Mon Jul 10 17:48:49 PDT 2017

On Mon, 2017-07-10 at 14:05 +0000, David Laight wrote:
> From: Cyril Bur
> > Sent: 10 July 2017 02:31
> > This patch adds an _interruptible version of opal_async_wait_response().
> > This is useful when a long running OPAL call is performed on behalf of a
> > userspace thread, for example, the opal_flash_{read,write,erase}
> > functions performed by the powernv-flash MTD driver.
> > 
> > It is foreseeable that these functions would take upwards of two minutes
> > causing the wait_event() to block long enough to cause hung task
> > warnings. Furthermore, wait_event_interruptible() is preferable as
> > otherwise there is no way for signals to stop the process which is going
> > to be confusing in userspace.
> 
> ISTM that if you are doing (something like) a flash full device erase
> (that really can take minutes) it isn't actually an interruptible
> operation - the flash chip will still be busy.
> So allowing the user process be interrupted just leaves a big mess.
> 

Agreed.

> OTOH the 'hung task' warning isn't the only problem with uninterruptible
> sleeps - the processes also count towards the 'load average'.
> Some software believes the 'load average' is a meaningful value.
> 

Yes, and because the read write and erase ops are actually calls into
firmware which in some cases completely emulates flash we can mitigate
the mess of allowing the process to be interrupted that you mention
above.

> It would be more generally useful for tasks to be able to sleep
> uninterruptibly without counting towards the 'load average' or triggering
> the 'task stuck' warning.
> (I've code somewhere that sleeps interruptibly unless there is a signal
> pending when it sleeps uninterruptibly.)
> 

I'm not sure what you mean here, if I understand correctly, this is
what I'm doing. In the patch to the powernv_flash driver which uses
opal_async_wait_response_interruptible() I essentially do the
interruptible and if it breaks early the driver determines if it is
safe to return to userspace otherwise it sleeps uninterruptibly
(hopefully not for long). I was hesitant to put that logic here and
prefered to leave it up to the caller to make the decision as to what
to do.

> WRT flash erases, 'whole device' erases aren't significantly quicker
> than sector by sector erases.

Yes, I'm rewriting some of the userspace tools we have to do everything
sector by sector. MTD interfaces allow big reads/writes and erases so
we should still handle it as best we can.

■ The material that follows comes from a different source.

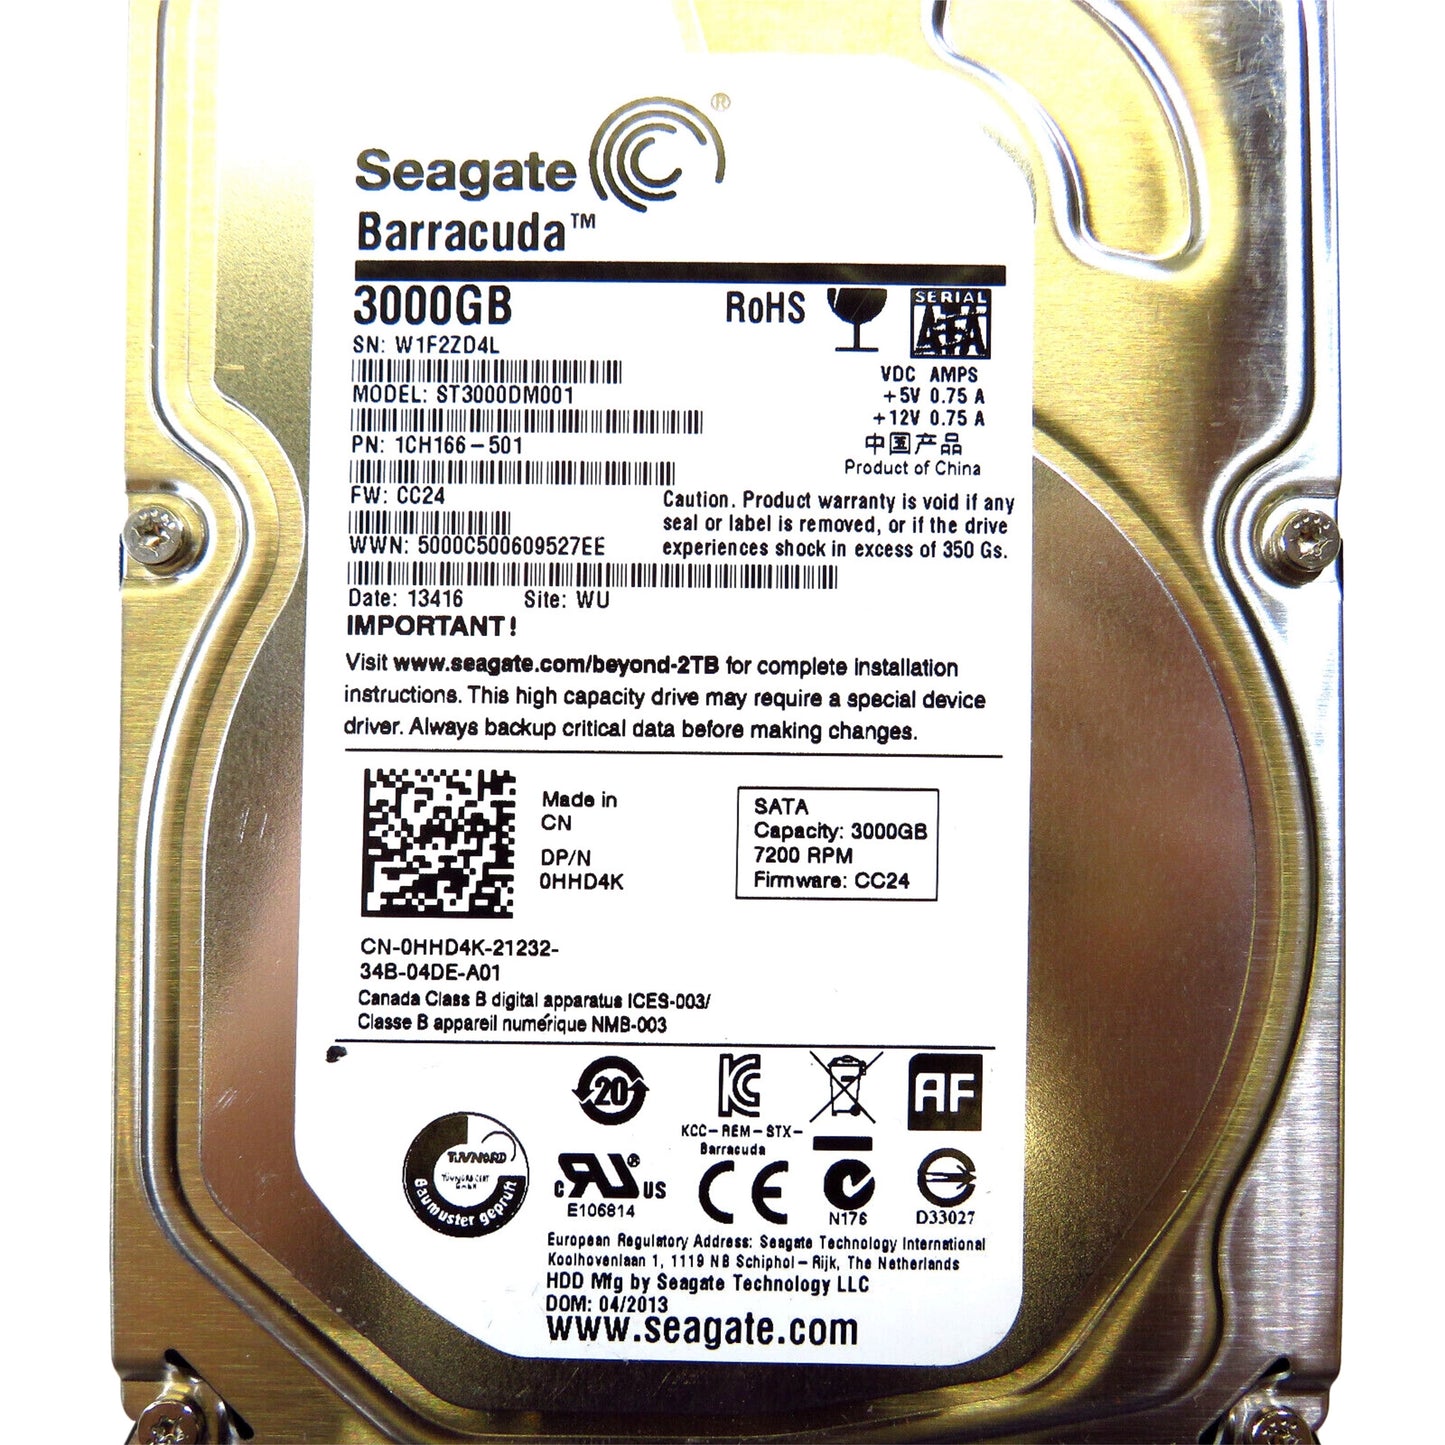 Dell HHD4K 3.5" 3TB 7200RPM SATA III Hard Disk Drive (HDD), Silver (Refurbished)

> The latter can be interrupted between sectors.
> I'm not sure you'd want to do writes than lock down enough kernel
> memory to take even a second to complete.
> 

The MTD core actually chunks them up before passing them to the to
backing driver so I don't think holding too much memory is a problem.
Because the time spent in OPAL servicing flash calls is hard to
determine and might not even be that related to the size of the
operation, even smaller ops might still spend 'time' in OPAL.

Cyril

> 	David
>